### [Given information]
::::::
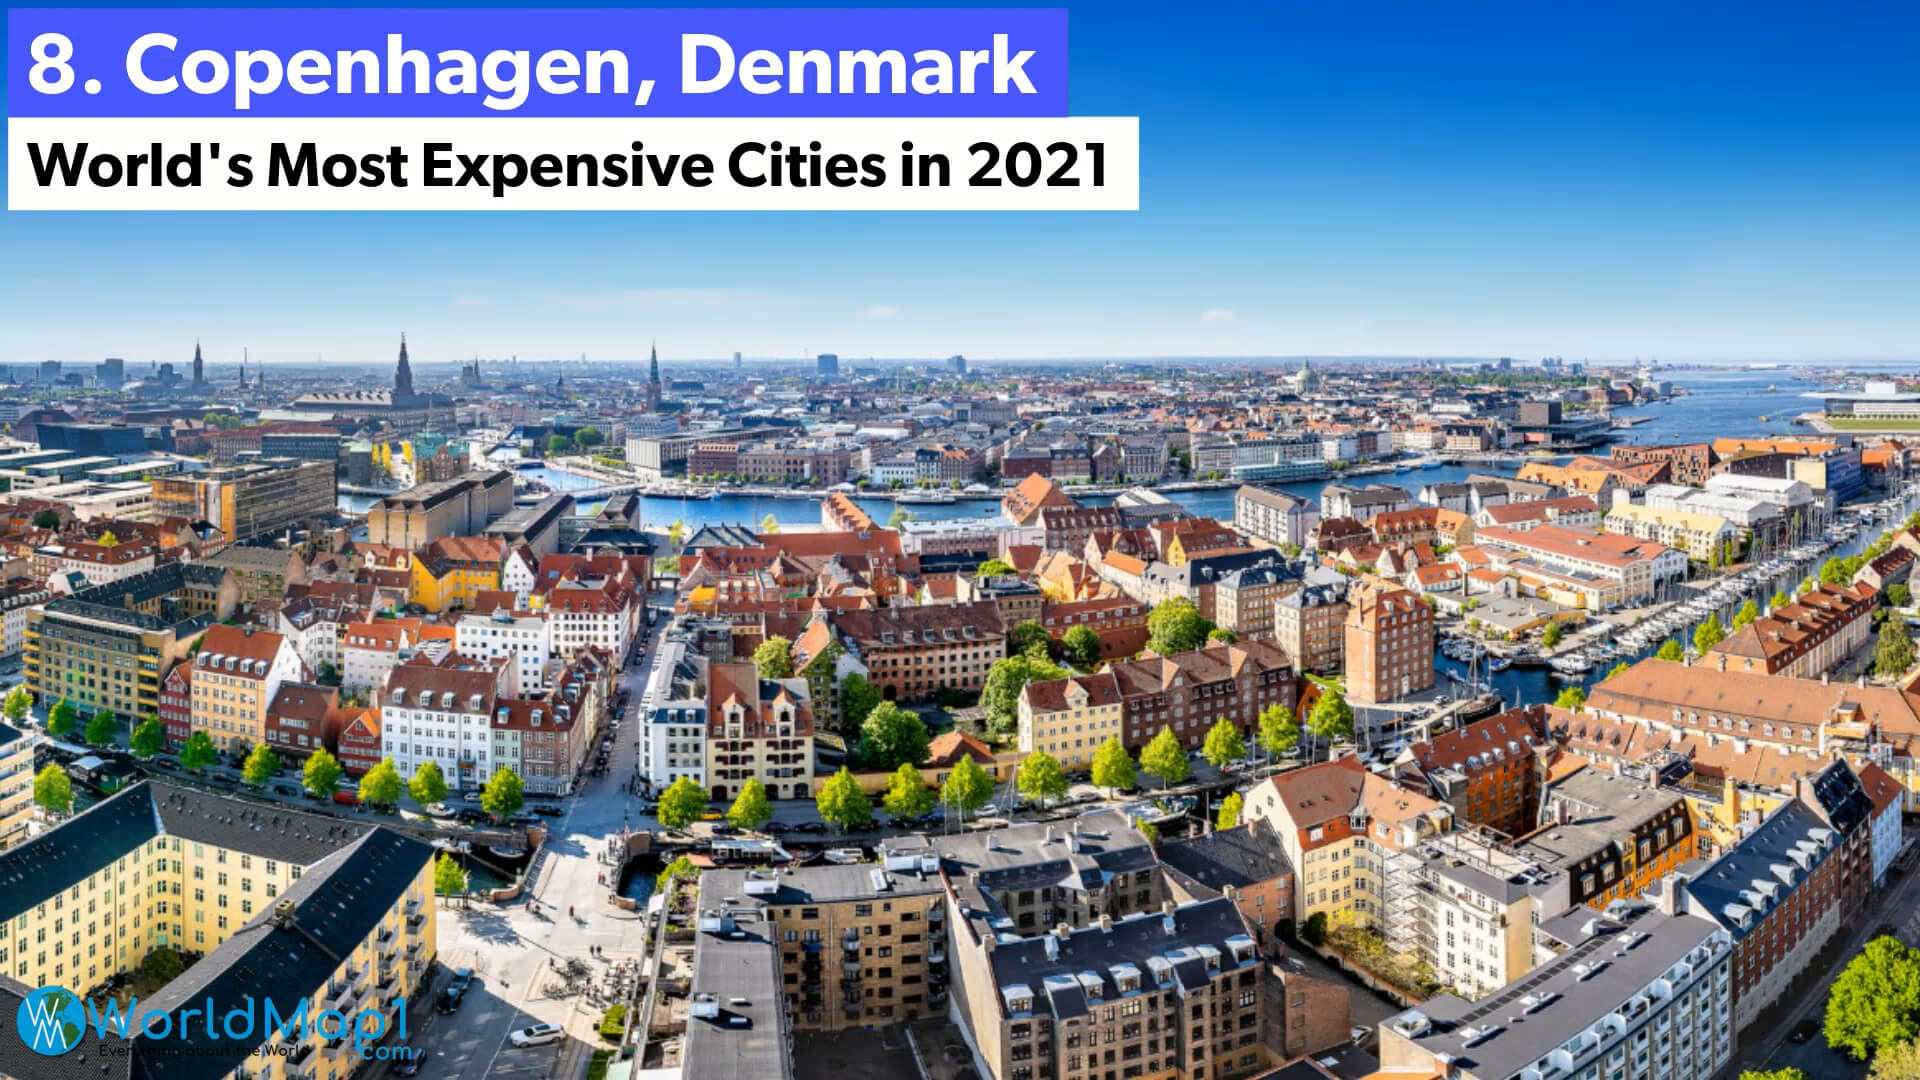 World's Most Expensive Cities - Copenhagen, Denmark
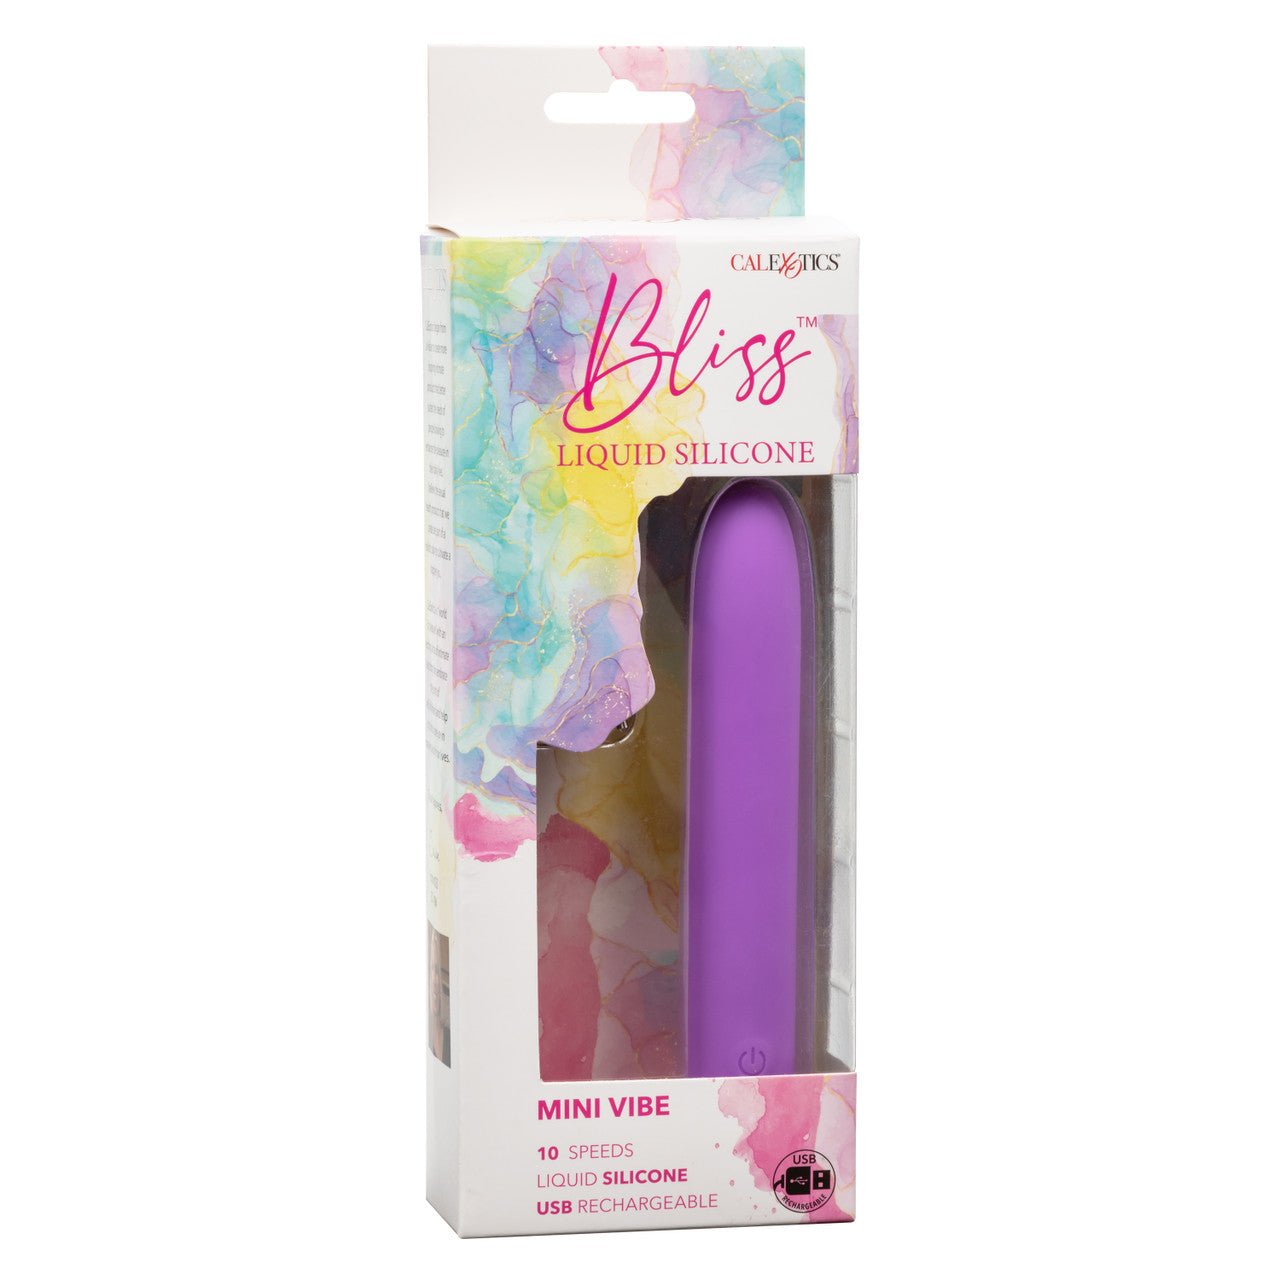 Bliss Liquid Silicone Mini G Vibrator - Purple
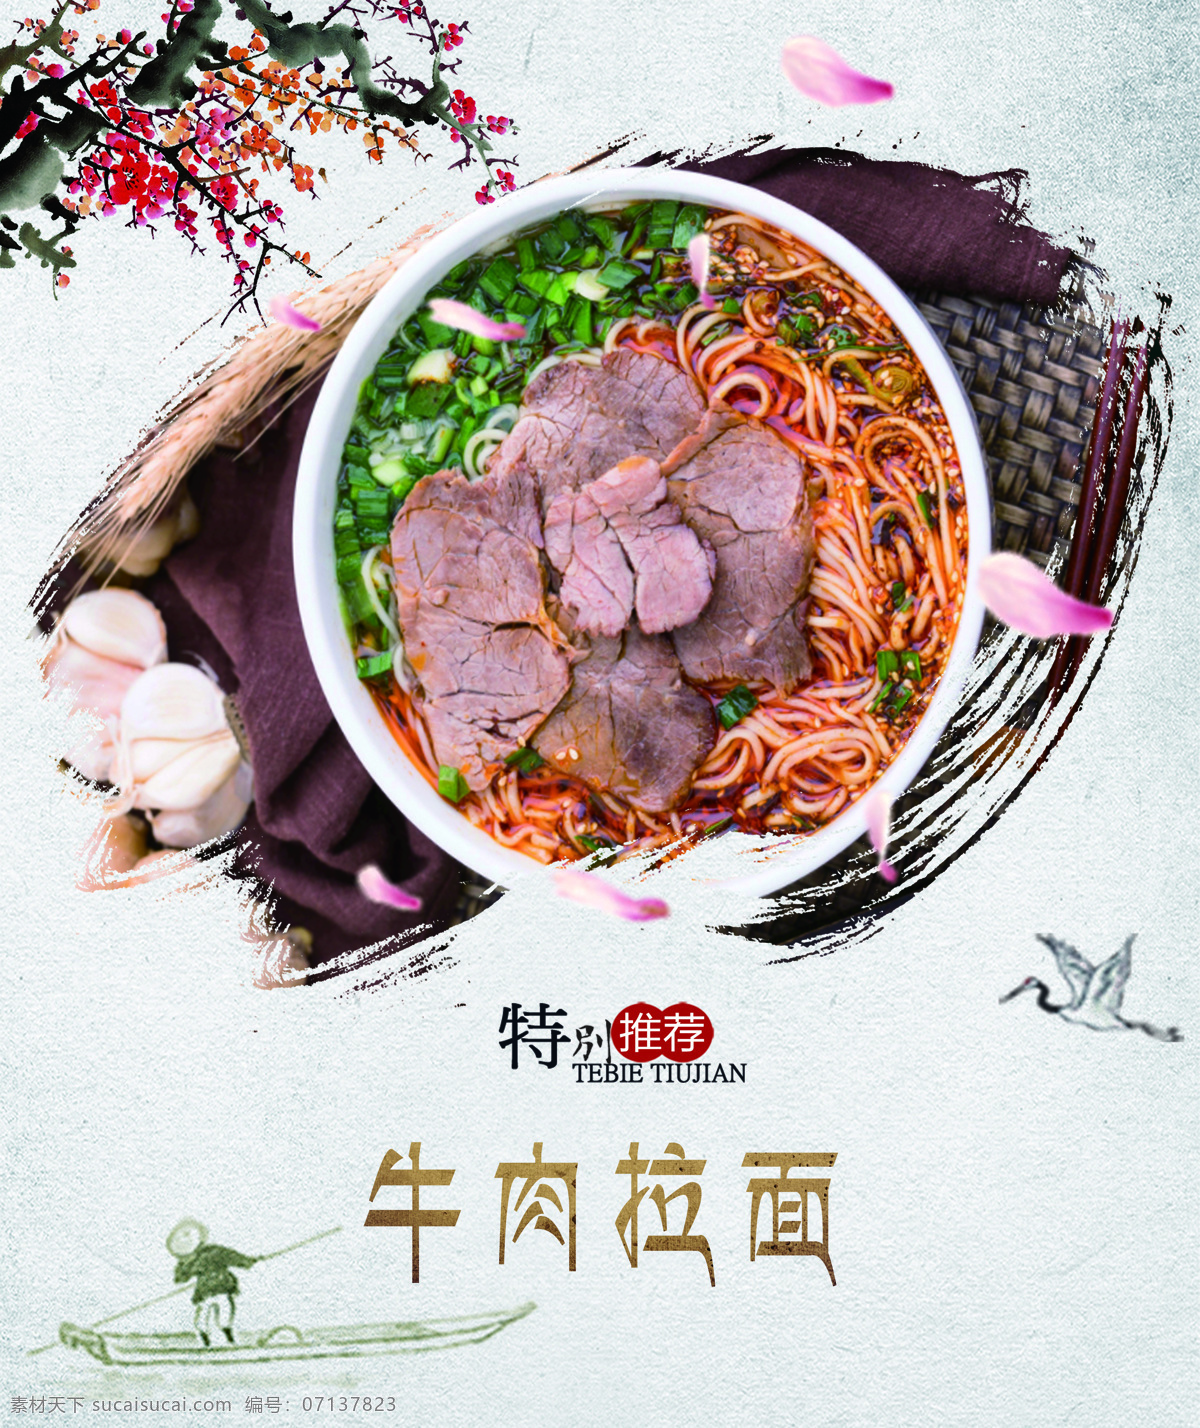 牛肉拉面 食堂灯箱 菜品 水墨风 中国风 室外广告设计
::::::
### [Problem]
The copy should hold exactly the lines from the line containing "Bliss Liquid Silicone" through the end of the data, both ends included, and no pictures.

### [Written reply]
 Bliss Liquid Silicone Mini G Vibrator - Purple
 牛肉拉面 食堂灯箱 菜品 水墨风 中国风 室外广告设计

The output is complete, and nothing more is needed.